From Alexander Korotkov
Subject Re: Proposal to use JSON for Postgres Parser format
Date
Msg-id CAPpHfdvxPJNudAqdnoZDL21simo-NNbi+pRn6a0SUa+G2Mg+KQ@mail.gmail.com
Whole thread Raw
In response to Re: Proposal to use JSON for Postgres Parser format  (Alexander Korotkov <aekorotkov@gmail.com>)
List pgsql-hackers
On Tue, Sep 20, 2022 at 1:00 PM Alexander Korotkov <aekorotkov@gmail.com> wrote:
> On Tue, Sep 20, 2022 at 7:48 AM Tom Lane <tgl@sss.pgh.pa.us> wrote:
> > Peter Geoghegan <pg@bowt.ie> writes:
> > > On Mon, Sep 19, 2022 at 8:39 PM Tom Lane <tgl@sss.pgh.pa.us> wrote:
> > >> Our existing format is certainly not great on those metrics, but
> > >> I do not see how "let's use JSON!" is a route to improvement.
> >
> > > The existing format was designed with developer convenience as a goal,
> > > though -- despite my complaints, and in spite of your objections.
> >
> > As Munro adduces nearby, it'd be a stretch to conclude that the current
> > format was designed with any Postgres-related goals in mind at all.
> > I think he's right that it's a variant of some Lisp-y dump format that's
> > probably far hoarier than even Berkeley Postgres.
> >
> > > If it didn't have to be easy (or even practical) for developers to
> > > directly work with the output format, then presumably the format used
> > > internally could be replaced with something lower level and faster.
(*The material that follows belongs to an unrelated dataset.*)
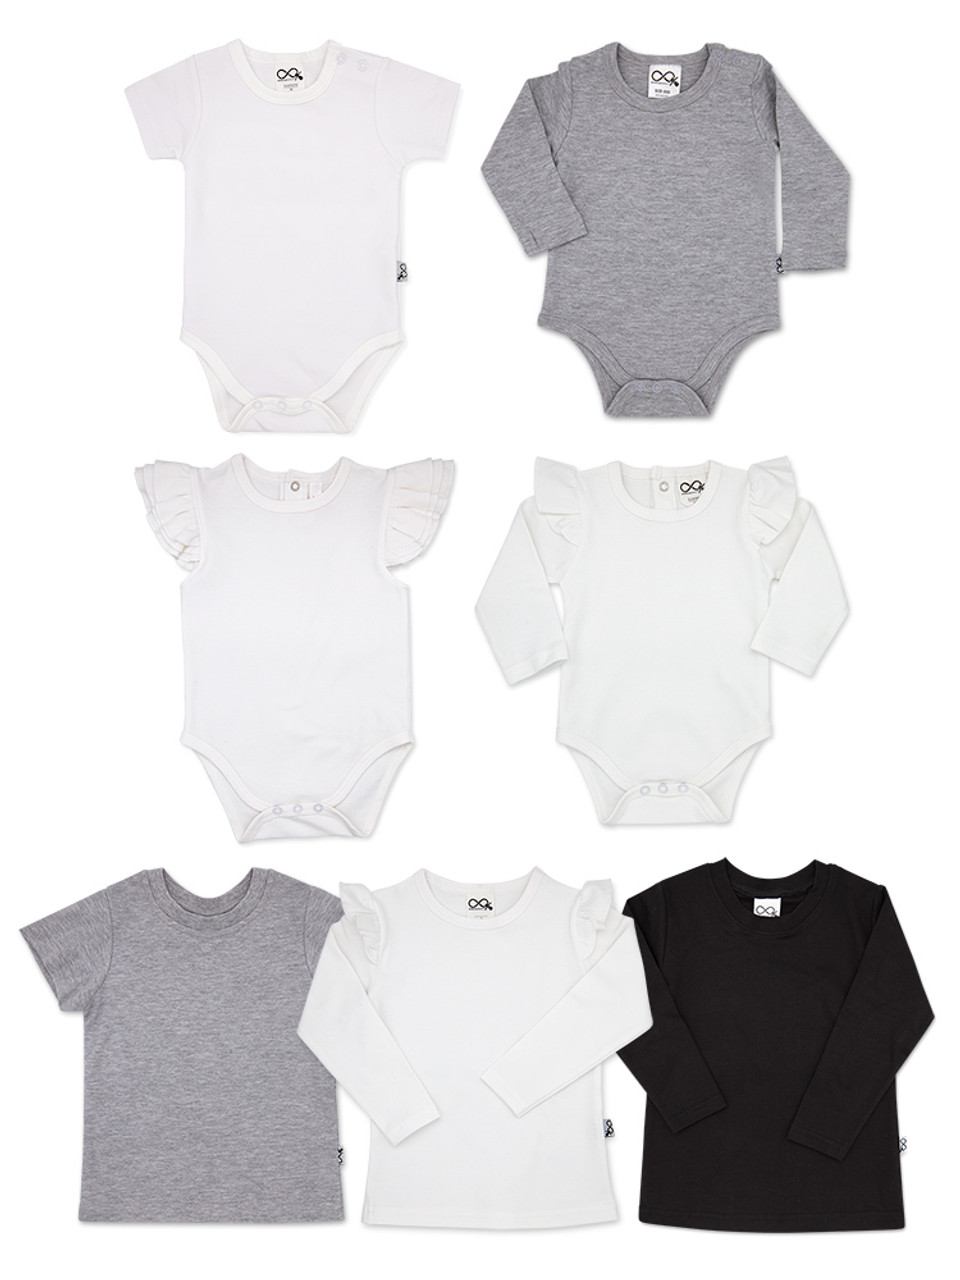 7 styles available - Short Sleeve Onesies, Long Sleeve Onesies, Sleeveless Frill Onesie, Long Sleeve Frill Onesie, Short Sleeve T-shirt, Long Sleeve T-shirt, Long Sleeve Frill T-shirt

So
> > > it seems like the two goals (developer ergonomics and faster
> > > interchange format for users) might actually be complementary.
> >
> > I think the principal mistake in what we have now is that the storage
> > format is identical to the "developer friendly" text format (plus or
> > minus some whitespace).  First we need to separate those.  We could
> > have more than one equivalent text format perhaps, and I don't have
> > any strong objection to basing the text format (or one of them) on
> > JSON.
>
> +1 for considering storage format and text format separately.
>
> Let's consider what our criteria could be for the storage format.
>
> 1) Storage effectiveness (shorter is better) and
> serialization/deserialization effectiveness (faster is better). On
> this criterion, the custom binary format looks perfect.
> 2) Robustness in the case of corruption. It seems much easier to
> detect the data corruption and possibly make some partial manual
> recovery for textual format.
> 3) Standartness. It's better to use something known worldwide or at
> least used in other parts of PostgreSQL than something completely
> custom. From this perspective, JSON/JSONB is better than custom
> things.

(sorry, I've accidentally cut the last paragraph from the message)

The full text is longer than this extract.